Appellants Fusco and Halbett attack their convictions under the conspiracy count on the ground of insufficient evidence. As to Halbett, there was evidence that he had worked in the film laboratory where the films here in question were processed for a year and a half before the time of the shipment with which we are concerned; that during the several days preceding the attempted shipment he and Gold were the only persons, except on one occasion a small girl, who entered the laboratory; that they, at the end of those several days, carried from the laboratory five cartons, each carton containing 200 obscene films; that a search, on a warrant, of the laboratory shortly thereafter disclosed that some 1500 films, of which only seventeen were obscene, were left in the laboratory and that most of them were dusty and dirty and in disorder and had not been recently handled.
We think that the jury could, with propriety, have concluded from the foregoing evidence that Halbett, during those several days, had been assisting Gold in processing and packing for shipment 1000 obscene films and thereby conspiring with Gold to commit the crime here involved. The jury did so find, the district court rendered judgment on the verdict against Halbett, and we will not disturb that judgment.
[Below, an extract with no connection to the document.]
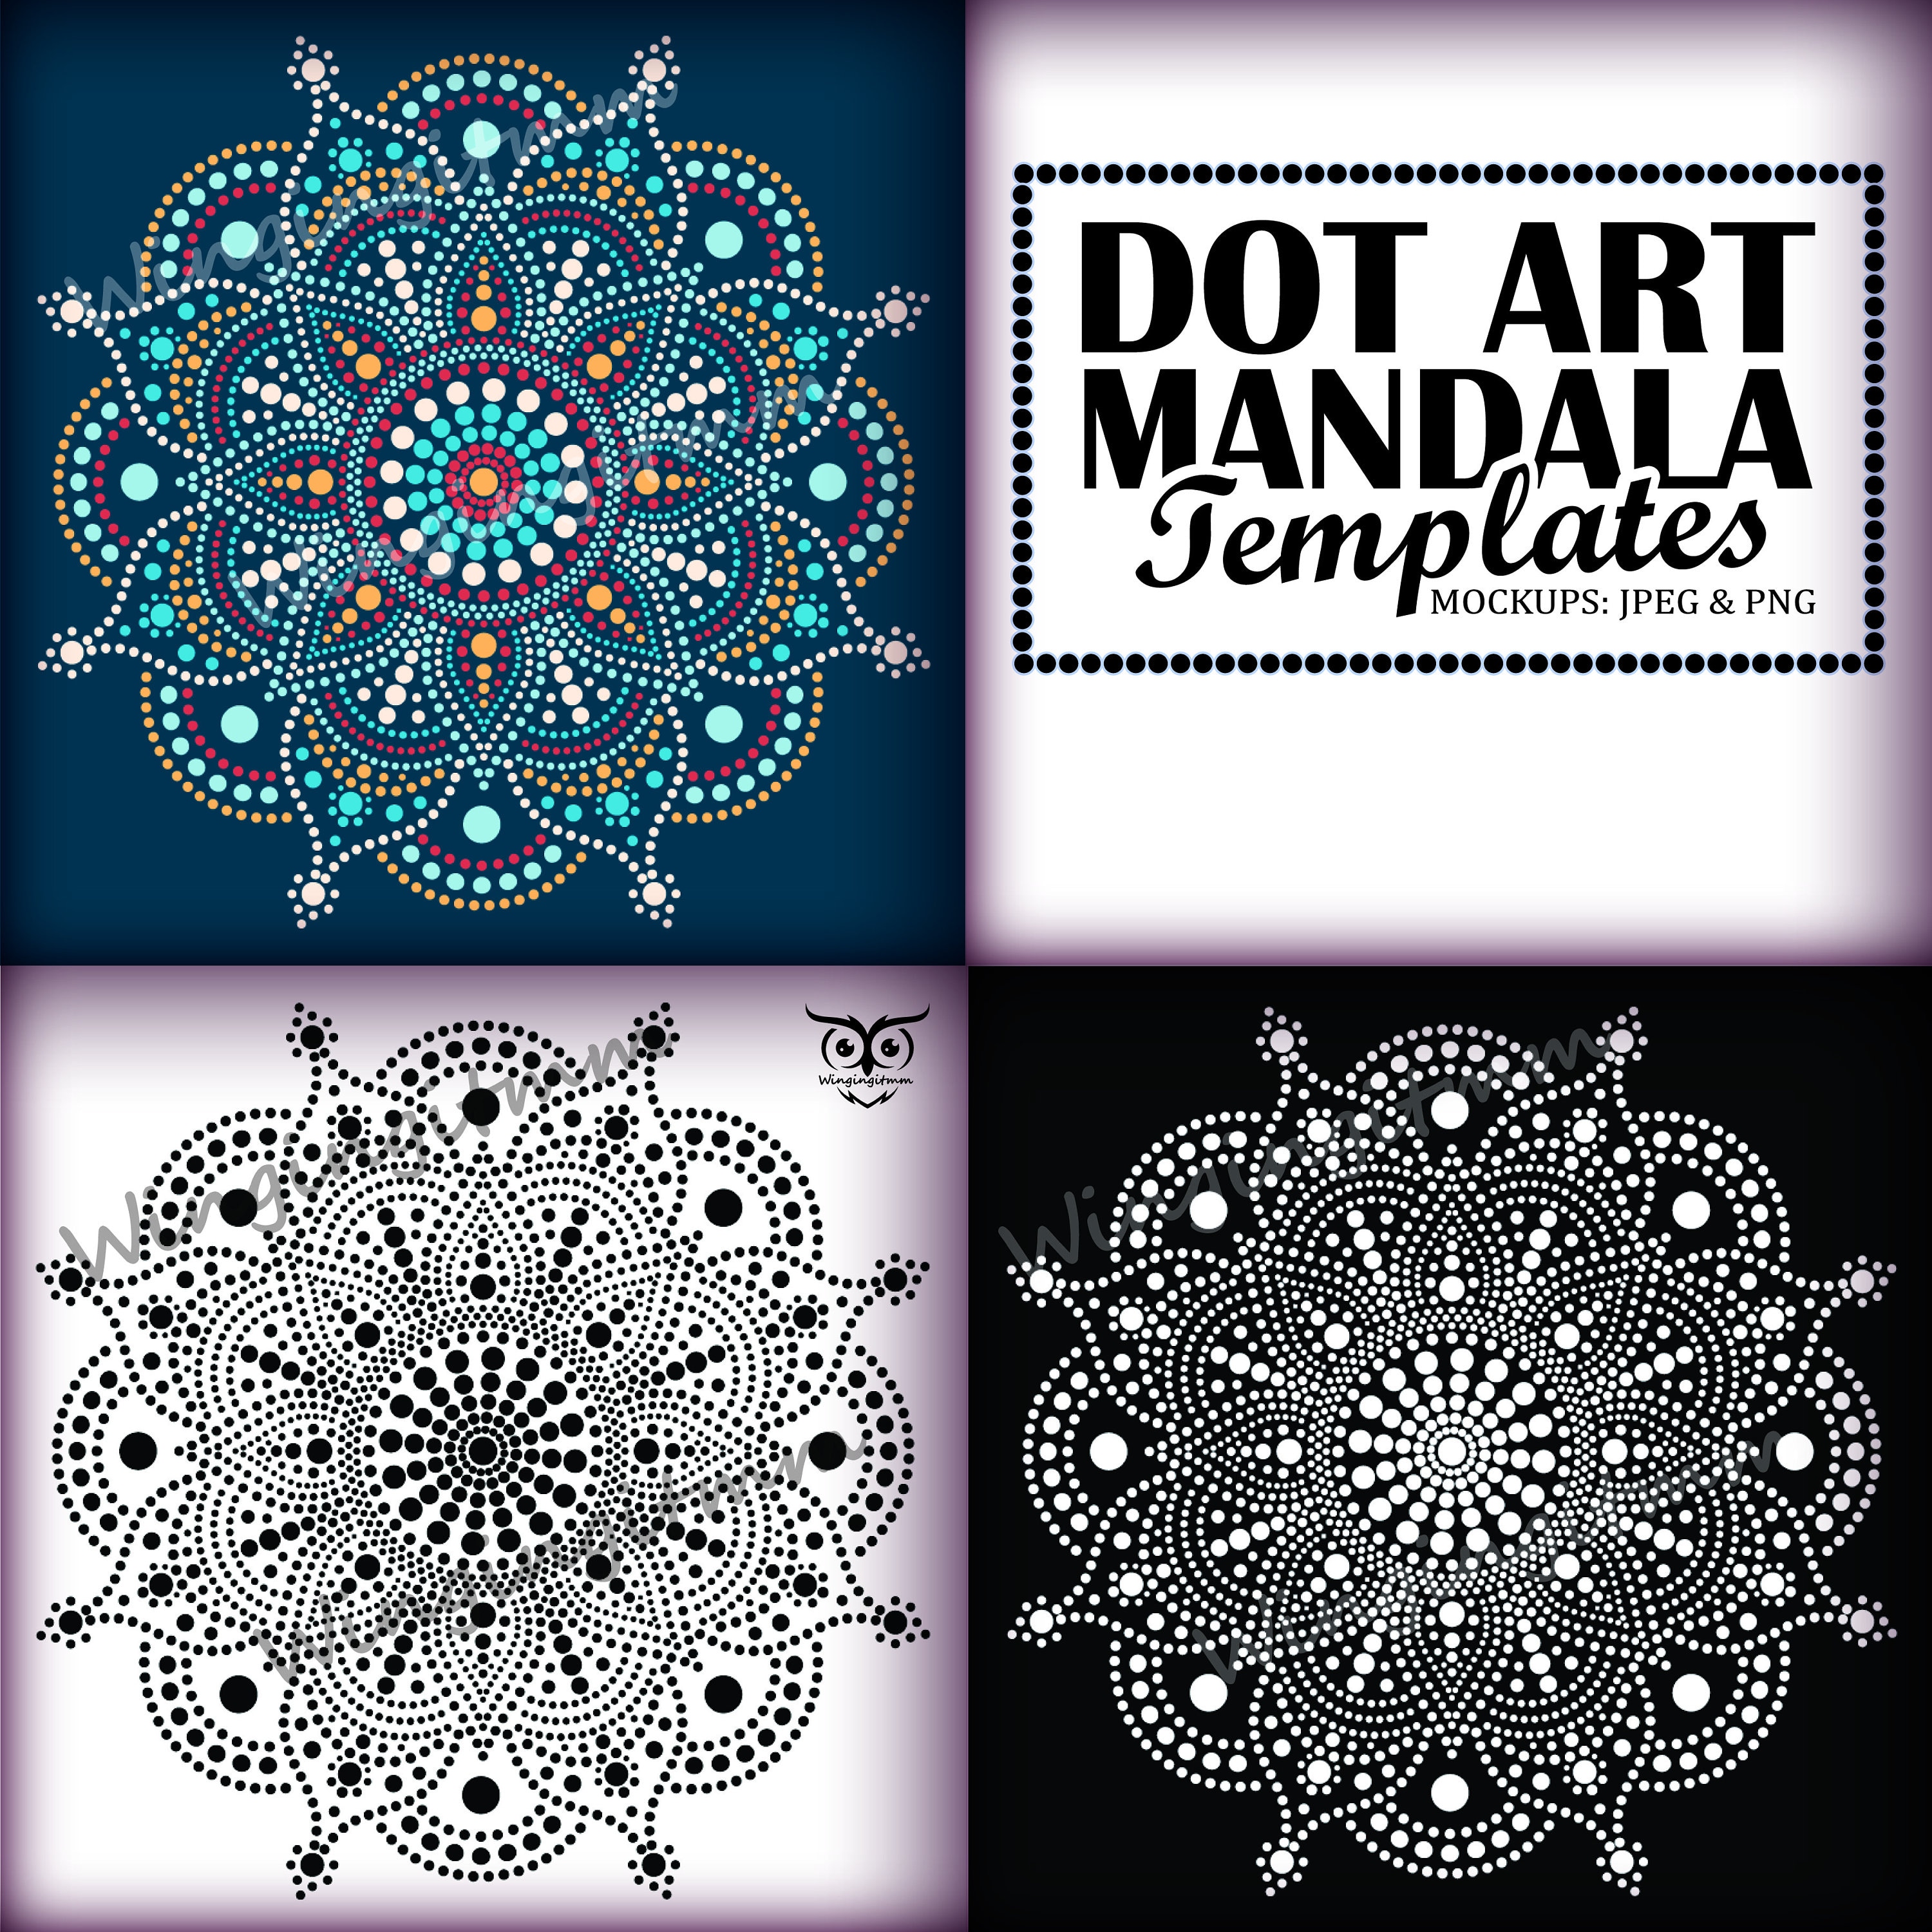 LOINFE Mandala Dot Painting Templates 24pcs Mandala Stencils
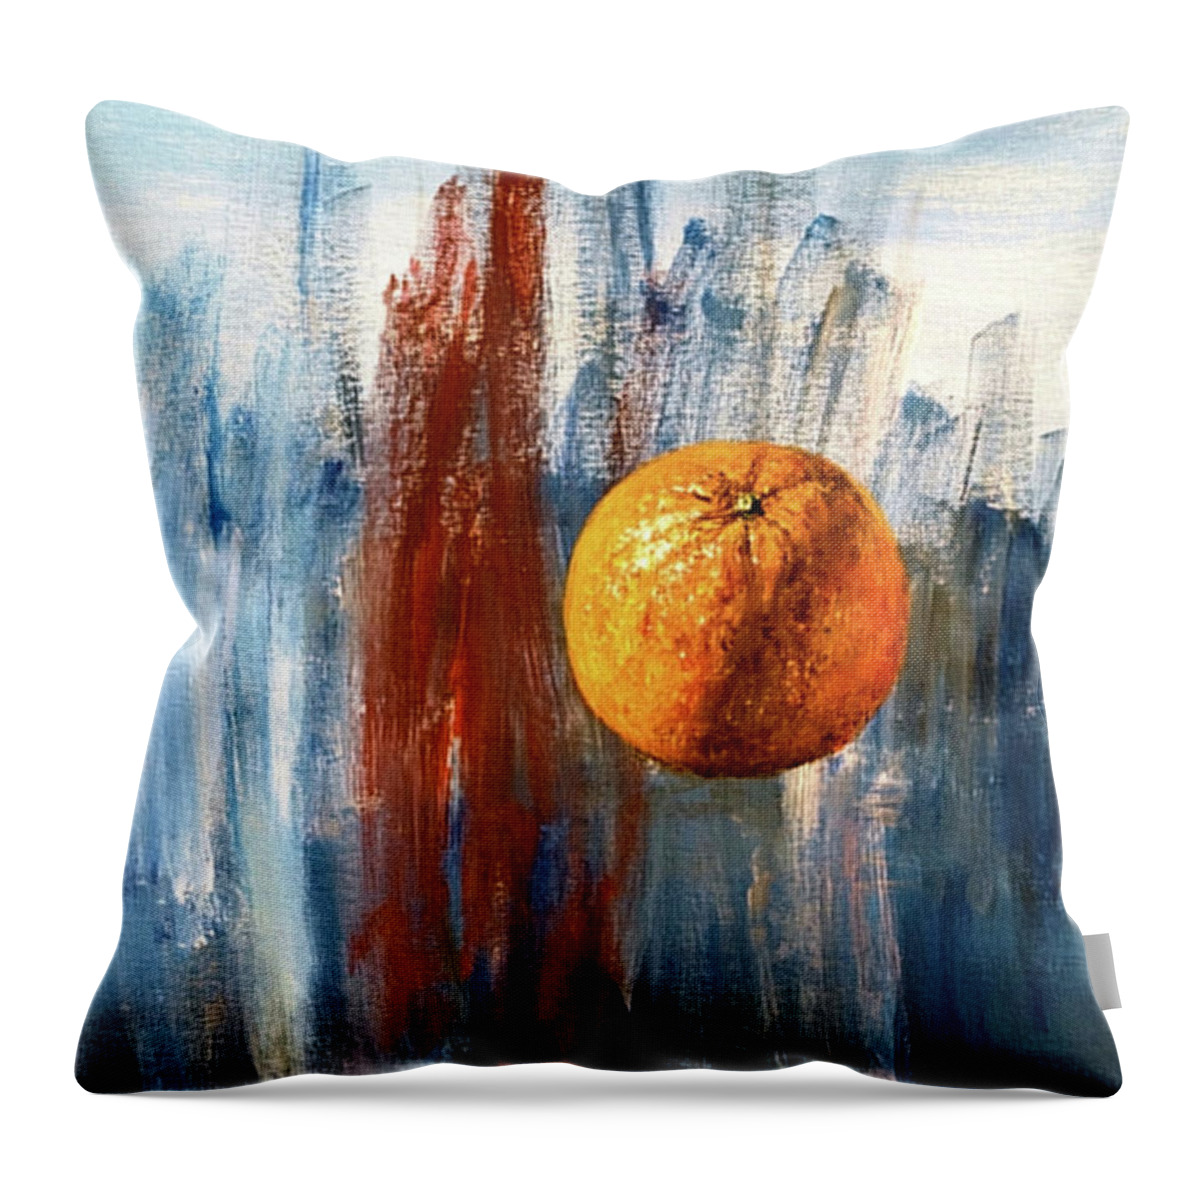 Orange Throw Pillow featuring the painting Orange by Arturas Slapsys

The evidence as to the appellant Fusco is that on November 4, 1965, the day after Gold had deposited the five cartons with United Airlines in Las Vegas for shipment, Fusco and a woman came to United's freight counter in Newark, New Jersey. The Woman told the attendant the number of the air waybill, and attempted to describe the shipment. Fusco corrected her, telling the attendant how many packages there were, and their approximate weight. Upon being informed that the shipment had not arrived, Fusco and the woman drove away together. Obviously, Fusco and the woman had been advised by Gold of the shipment, the waybill number, and the number of the packages and their weight. It would stretch credulity beyond the breaking point to suppose that Fusco expected to receive from the airline five packages of Mickey Mouse films, or films of comparable content. The jury concluded that he knew what was supposed to have been shipped, and that he had conspired with Gold to receive a shipment of obscene films. We find no impropriety in the verdict and judgment against Fusco.
The judgments against the appellants are affirmed.
The opinion issued on March 30, 1967, is withdrawn, and the foregoing opinion is substituted for it. The appellant's petition for a rehearing is denied.